## Exercise directions
The copy must match the data word for word and contain no pictures.

** Opening Available data block **

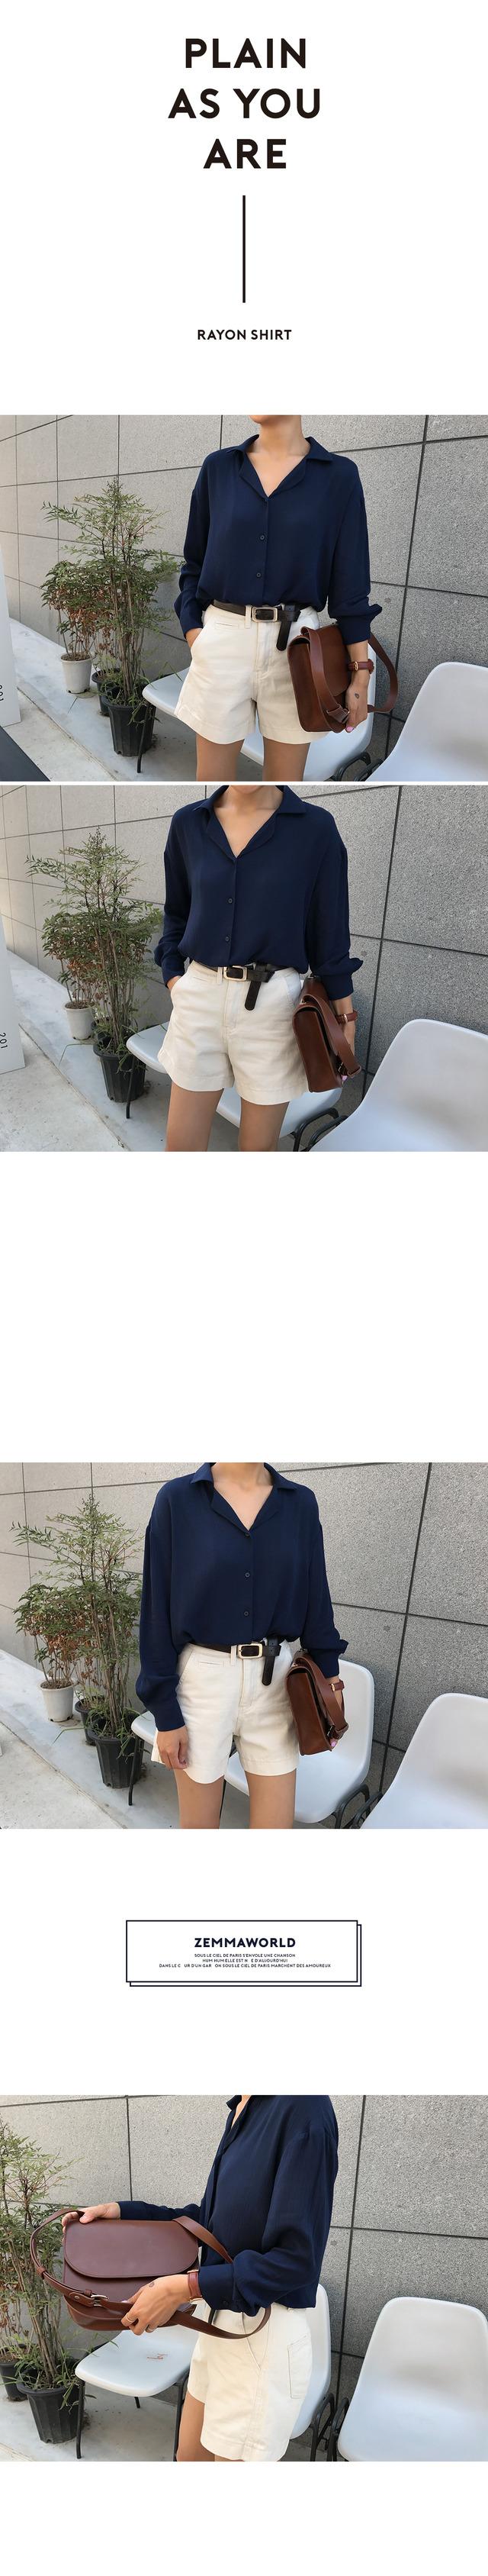 Sunbeam-셔츠
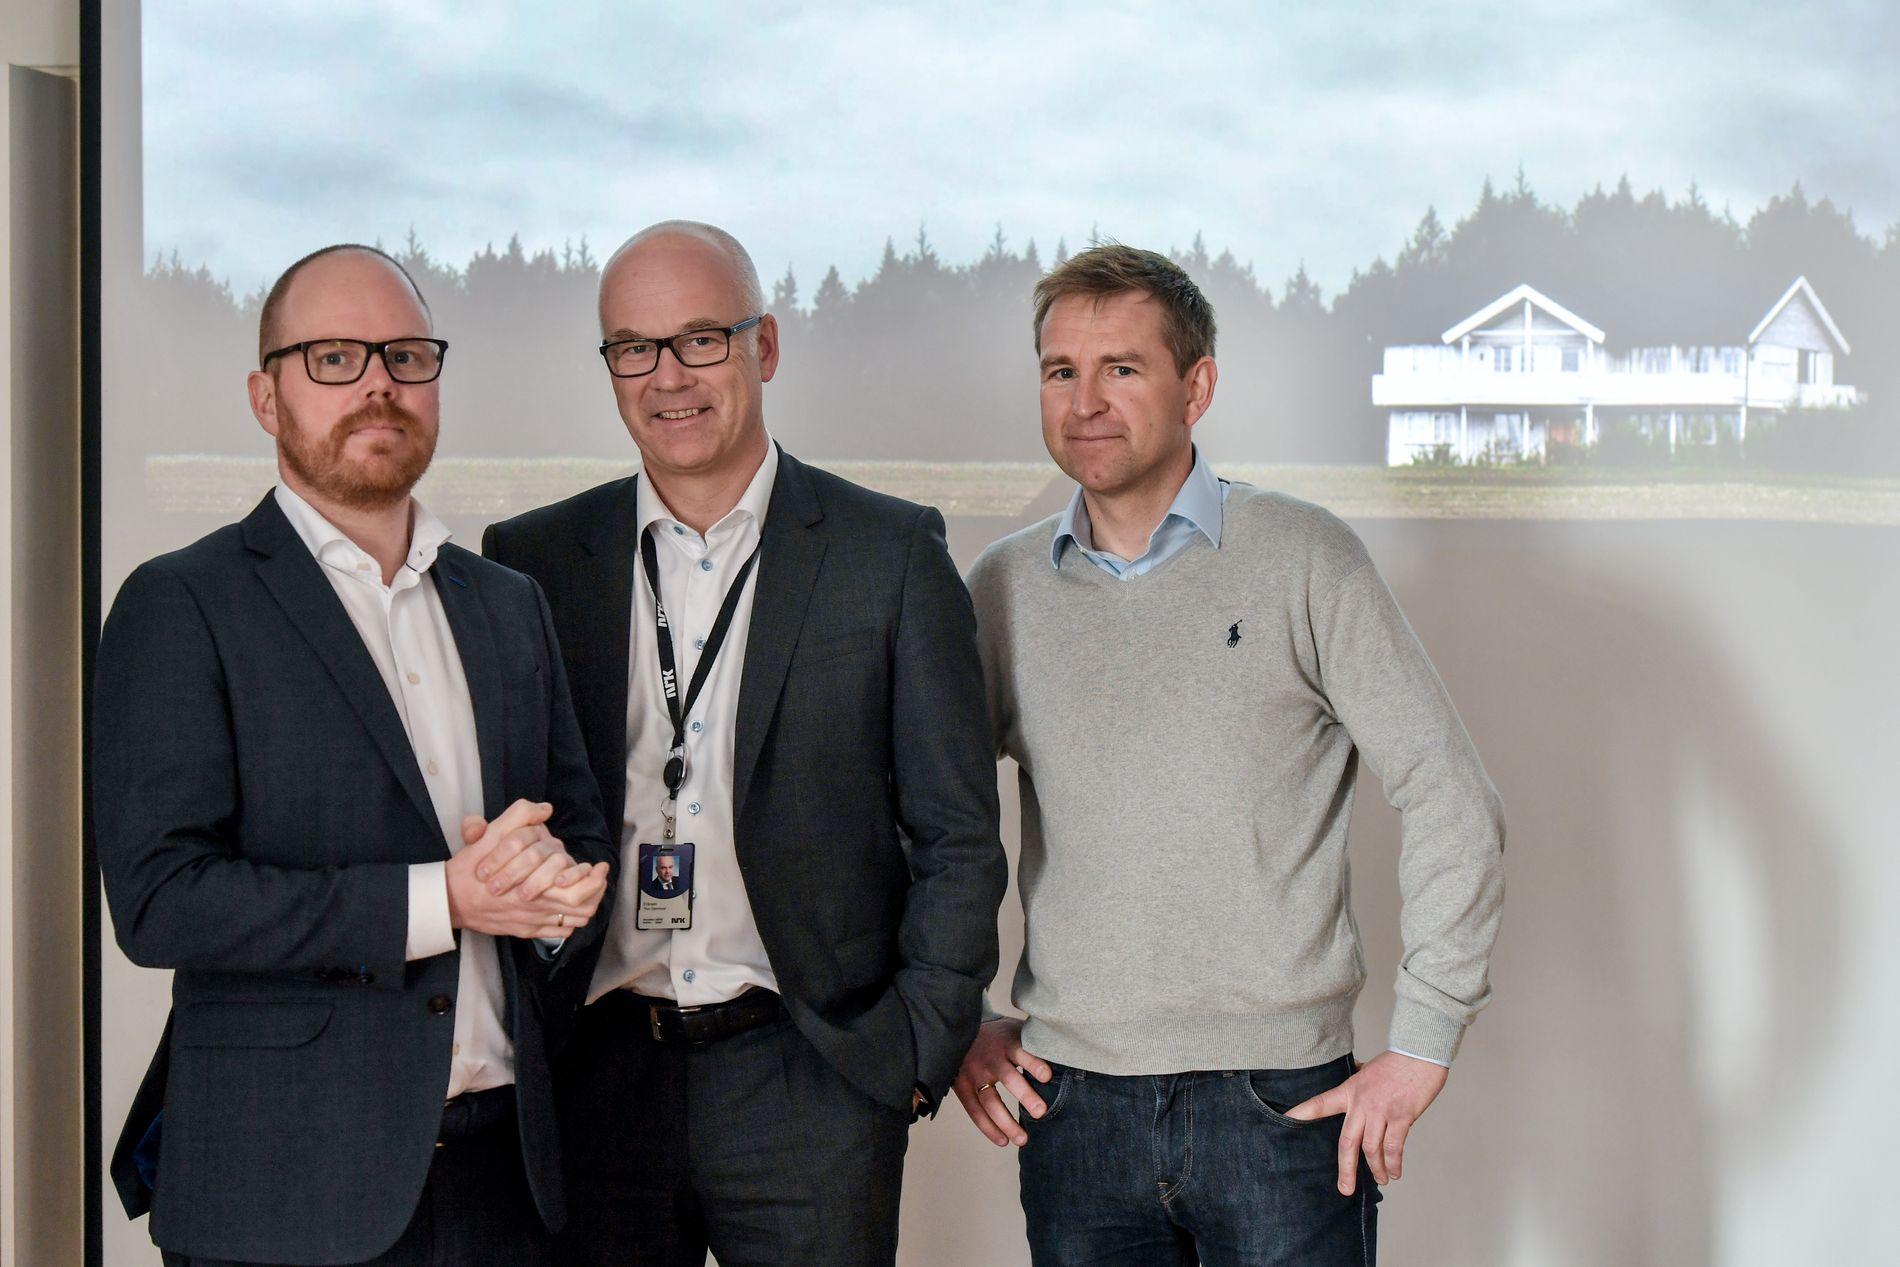 SAMARBEID: VG-sjef Gard Steiro (fra venstre), NRK-sjef Thor Gjermund Eriksen og VGs krimekspert Øystein Milli.
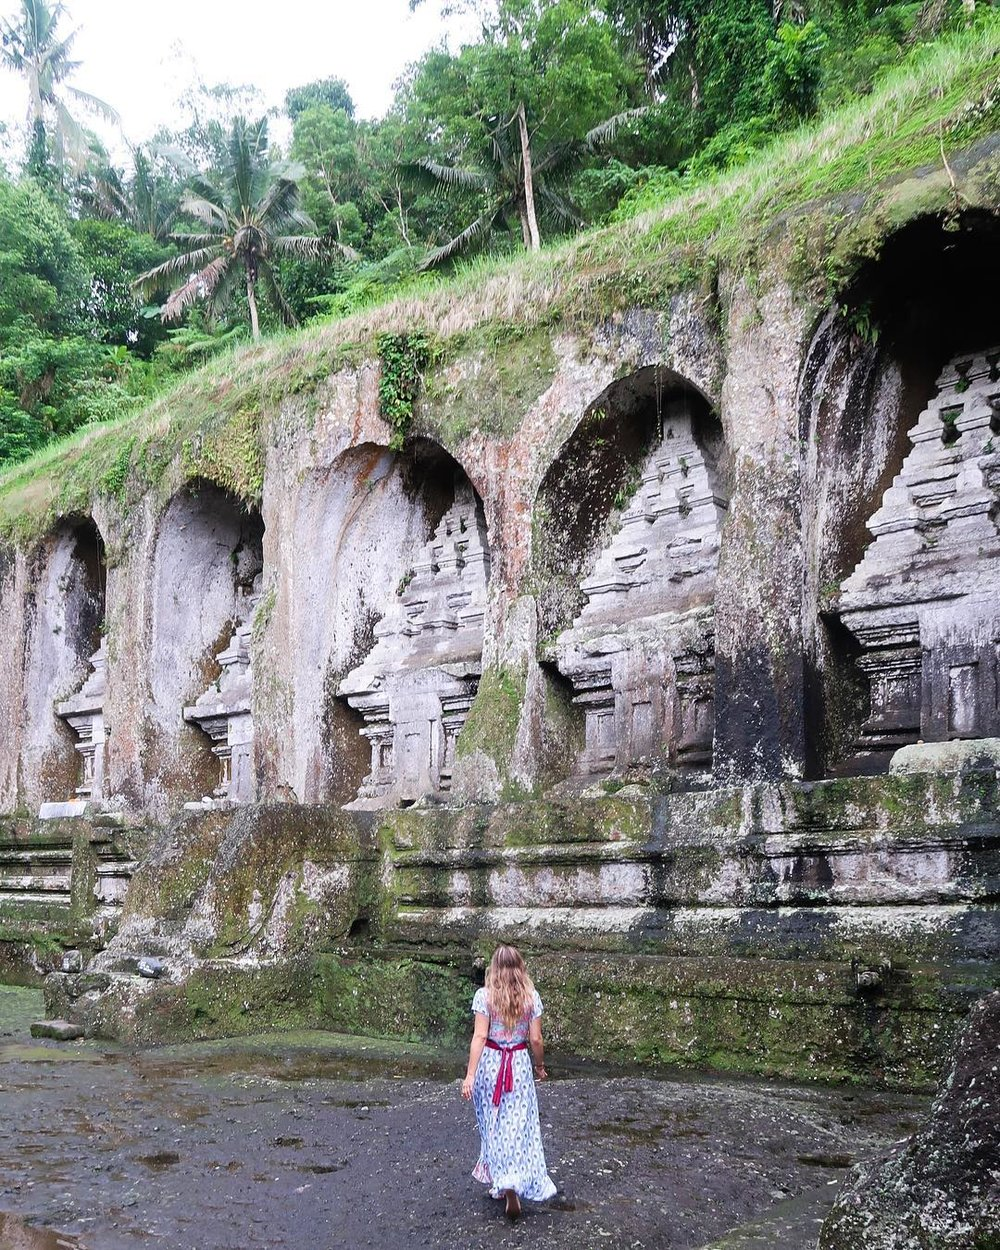 Gunung Kawi in Ubud, Bali - Elise Darma

** Closing Available data block **

## Exercise output
 Sunbeam-셔츠
 SAMARBEID: VG-sjef Gard Steiro (fra venstre), NRK-sjef Thor Gjermund Eriksen og VGs krimekspert Øystein Milli.
 Gunung Kawi in Ubud, Bali - Elise Darma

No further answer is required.